* _Data shown_:

· · ·

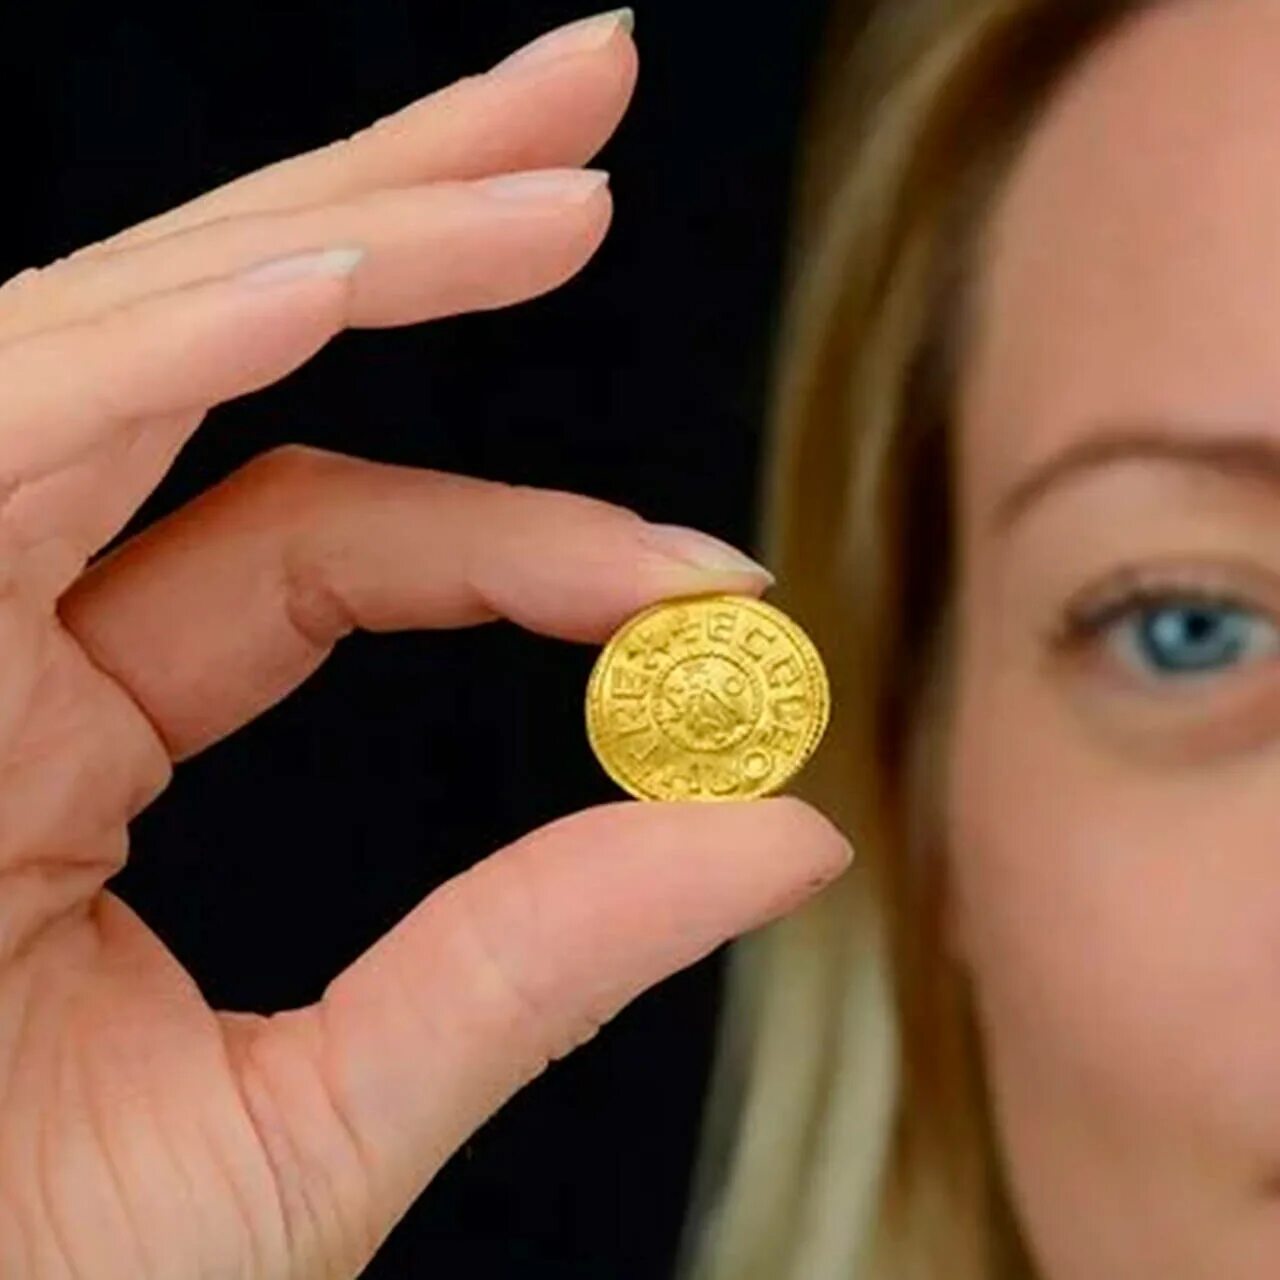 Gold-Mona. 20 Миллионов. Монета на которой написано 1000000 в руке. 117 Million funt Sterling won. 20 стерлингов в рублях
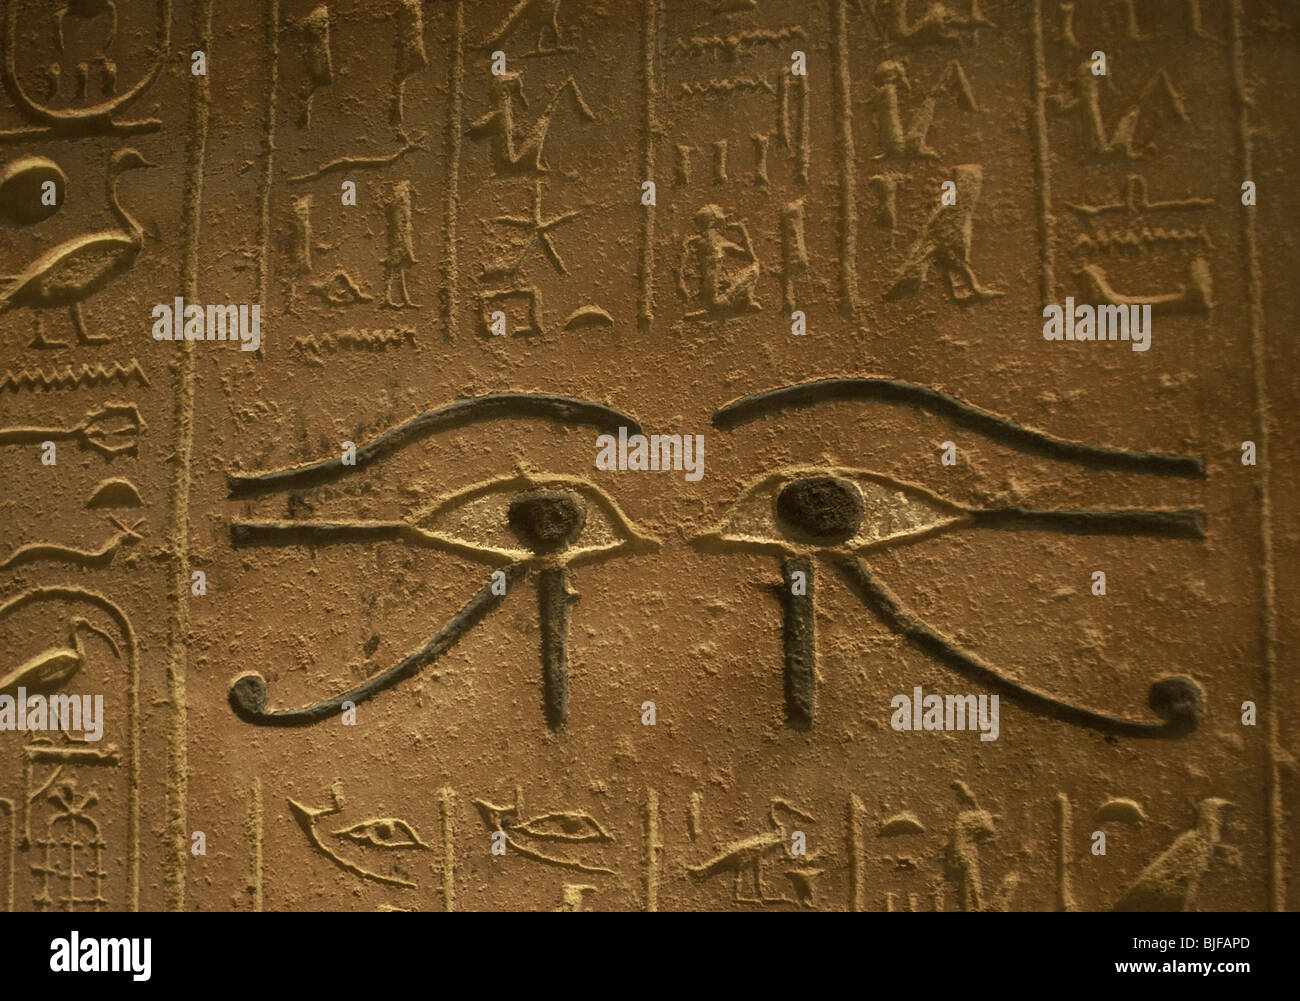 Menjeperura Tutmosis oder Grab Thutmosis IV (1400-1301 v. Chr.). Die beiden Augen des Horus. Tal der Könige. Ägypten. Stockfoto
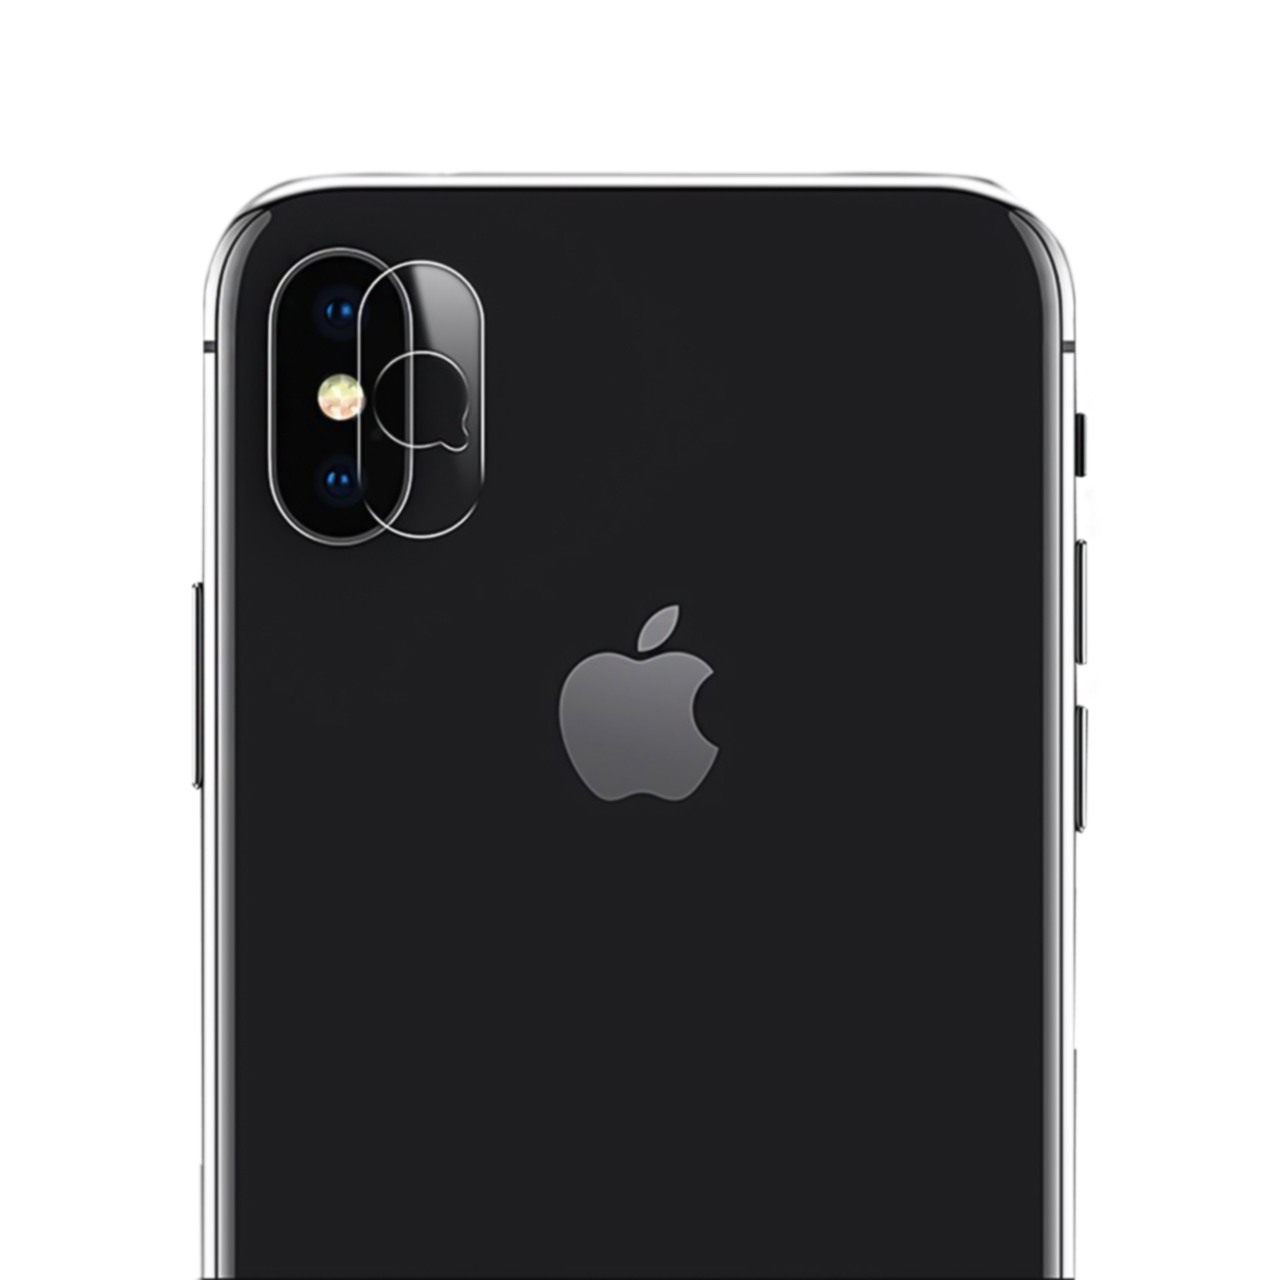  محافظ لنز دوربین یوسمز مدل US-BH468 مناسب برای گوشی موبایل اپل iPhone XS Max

· · ·

* _Work instructions_:
Up to and including the last line of the listing, starting at the line with "Menjeperura Tutmosis oder", extract every line exactly and leave out the pictures.

* _Your response_:
 Menjeperura Tutmosis oder Grab Thutmosis IV (1400-1301 v. Chr.). Die beiden Augen des Horus. Tal der Könige. Ägypten. Stockfoto
  محافظ لنز دوربین یوسمز مدل US-BH468 مناسب برای گوشی موبایل اپل iPhone XS Max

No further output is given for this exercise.